Occupy: le retour des romantiques


On fête cette semaine le premier anniversaire d’Occupy Wall Street. Le mouvement, qui visait à dénoncer les abus du capitalisme financier, s’inscrivait dans la lignée du mouvement espagnol des Indignados de mai 2011, lui même influencé par le Printemps arabe.

Cet automne d’éveil, amorcé à New York, devait rapidement s’étendre à plus de 900 villes dans le monde dès les premiers jours d’octobre, avec des manifestations monstres de plusieurs centaines de milliers de personnes, comme à Rome ou à Madrid.

À Montréal, c’est à la mi-octobre que le mouvement s’installe au Square Victoria,  renommé pour l’occasion la Place du Peuple, sous le regard ahuri des trentenaires dorés et encravatés du quartier des affaires, avec des souliers un peu pointus. Câlins, Yoga, dessin, couture et bavardages, on sourit quand on passe là, entre la tour de la Bourse et le Centre du Commerce Mondial.

Du camp des crottés émergent mille revendications, le campeur hirsute est difficile à cerner. Contre les inégalités sociales, pour le développement durable, contre les répressions policières, pour la sauvegarde de la planète, contre la finance vorace, pour la paix au Vietnam…

Vaincus fin novembre par l’hiver et l’incompréhension, les scouts ont décampé, aidés dans leur démontage par le coup de main généreux et solidaire du SPVM.

En dépit de l’ampleur du phénomène et de soutiens significatifs et inattendus (les prix Nobel d’économie Stiglitz et Krugman, Ahmed Maher, des parlementaires démocrates américains, Michael Moore, Ron Paul, Chomsky, le milliardaire Soros…), nombre d’observateurs se sont entendus sur le flou du mouvement, et particulièrement sur le flou de ses revendications. D’aucuns d’ailleurs considèrent Occupy comme une aspiration romantique aujourd’hui morte et enterrée.

C’est vrai que les doléances étaient confuses (quand il y en avait) et que si on en devinait l’intention, on devinait mal à qui étaient adressés tous ces messages, lancés au ciel avec enthousiasme. Et pour cause… Quand le méchant est premier ministre, qu’on connait son visage, qu’on sait où il habite, et qu’il prend une décision injuste, c’est simple: on s’en va lui parler. Ça prend un printemps s’il le faut, ça pique les yeux, ça fait mal aux côtes, mais on finit par se faire entendre et on le renvoie à ses pantoufles.

Mais le système? C’est qui le système? Quel est son visage? Où habite-t-il? C’est qui le con qui augmente le prix de l’essence? C’est qui le voleur qui pille le sous-sol en Amérique du Sud? C’est qui le criminel qui spécule sur le blé ou le riz et qui fait crever un enfant de moins de dix ans toutes les cinq secondes? C’est flou Occupy? Évidemment, comment pourrait-il en être autrement? C’est flou contre flou, Anonymous contre Anonymous.

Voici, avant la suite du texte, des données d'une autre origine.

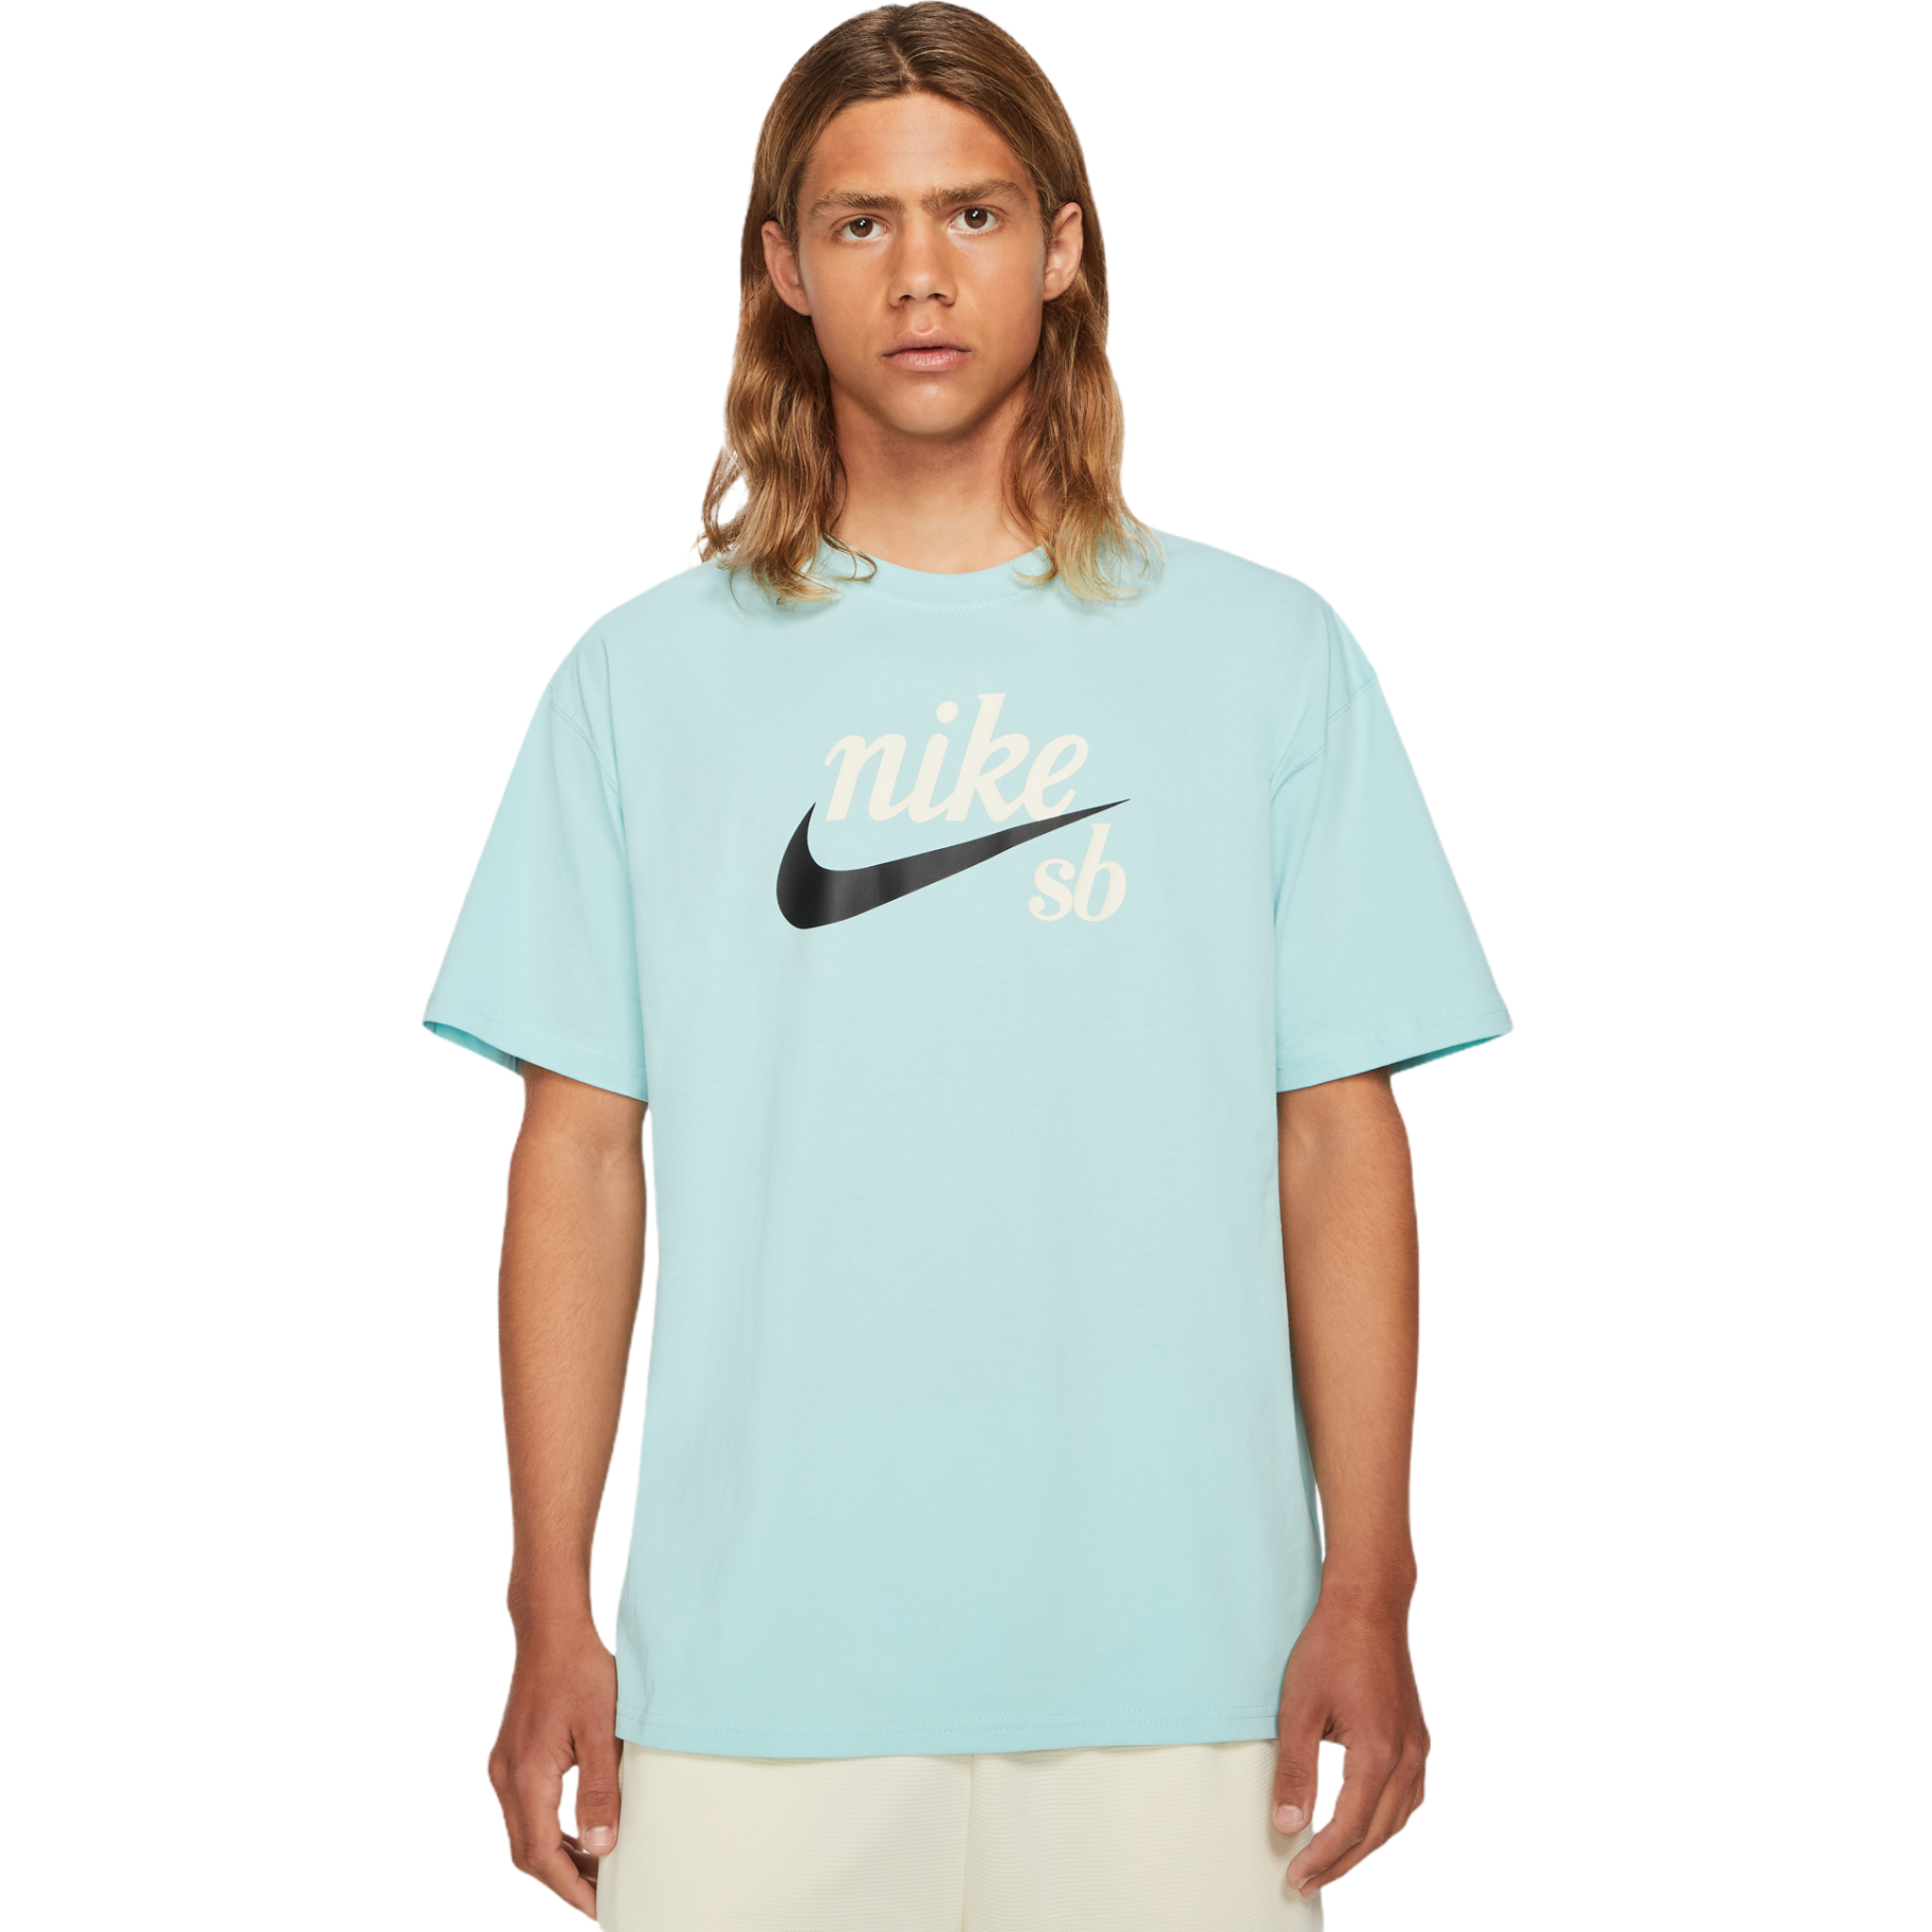 kanker kolonie wakker worden Nike SB Skate Shirt Light Dew - Orchard Skateshop

L’indignation qui s’est manifestée en 2011 n’est pas une aspiration romantique. C’est un pouls. Le pouls d’une humanité qui sent que la course folle au profit est un non-sens, qu’elle n’est pas source de bonheur, qu’elle assassine air, arbres et enfants, et finalement qu’elle ne profitera bientôt plus à personne.

À quoi sert Occupy? À nous maintenir en éveil et attentif. À nous inviter à écouter ce pouls-là battre, le pouls de notre existence collective.

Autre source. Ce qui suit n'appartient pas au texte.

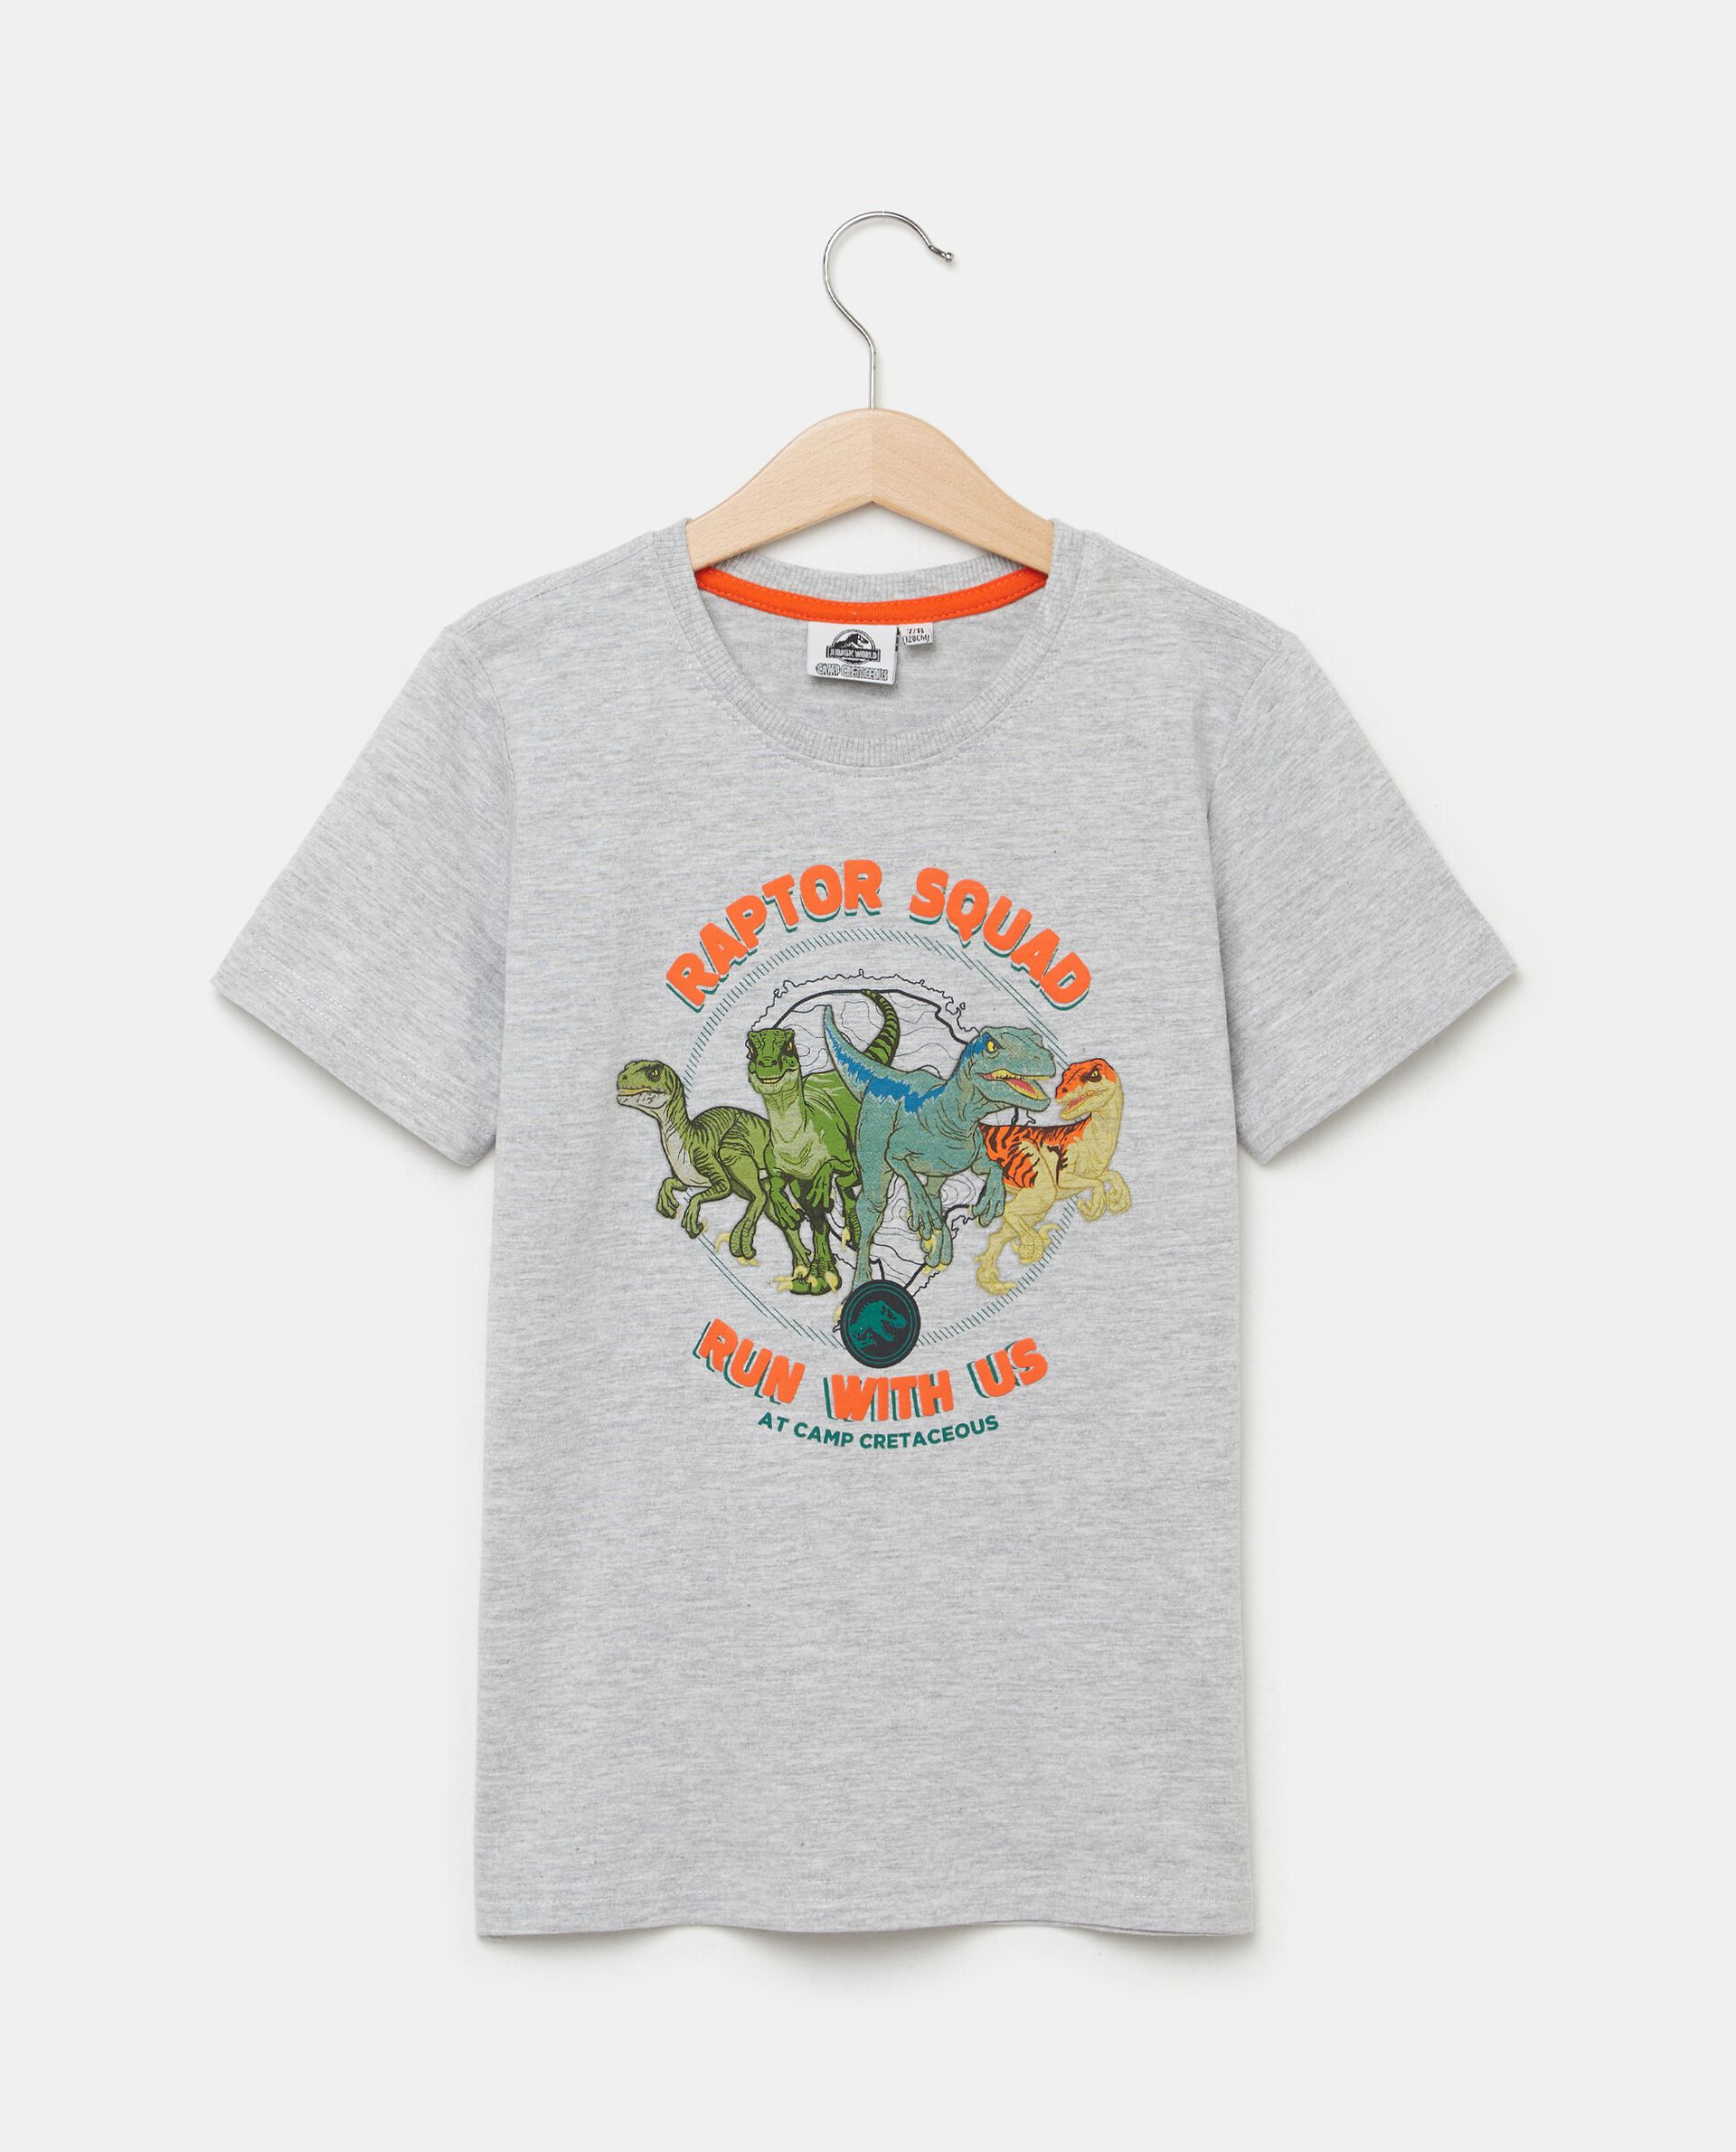 T-shirt con stampa Jurassic Park puro cotone bambino

Floue l’indignation? De moins en moins je crois. La folie de notre système est de plus en plus admise, et la nécessité d’une prise de conscience collective s’installe doucement dans nos esprits. La décroissance n’est plus une utopie chevelue, elle est entrée dans les universités, et les experts économiques la considèrent avec plus d’attention que jamais. Non pas par romantisme, mais par nécessité. Et il est raisonnable de penser que le mouvement mondial des Indignés a permis cet éveil là, comme il est raisonnable de penser que le printemps québécois y a pris ses sources de vigueur.

Le 13 octobre prochain, le mouvement Occupy sera célébré dans le cadre d’une journée mondiale des Indignés, et semble-t-il qu’on y tapera de la casserole sur tous les continents. Et les nantis et satisfaits ricaneront à nouveau, comblés de leurs certitudes.

D’ici là, on regardera les millions se chicaner avec les milliards, aux alentours du Centre Bell, un petit sourire aux lèvres, nous aussi.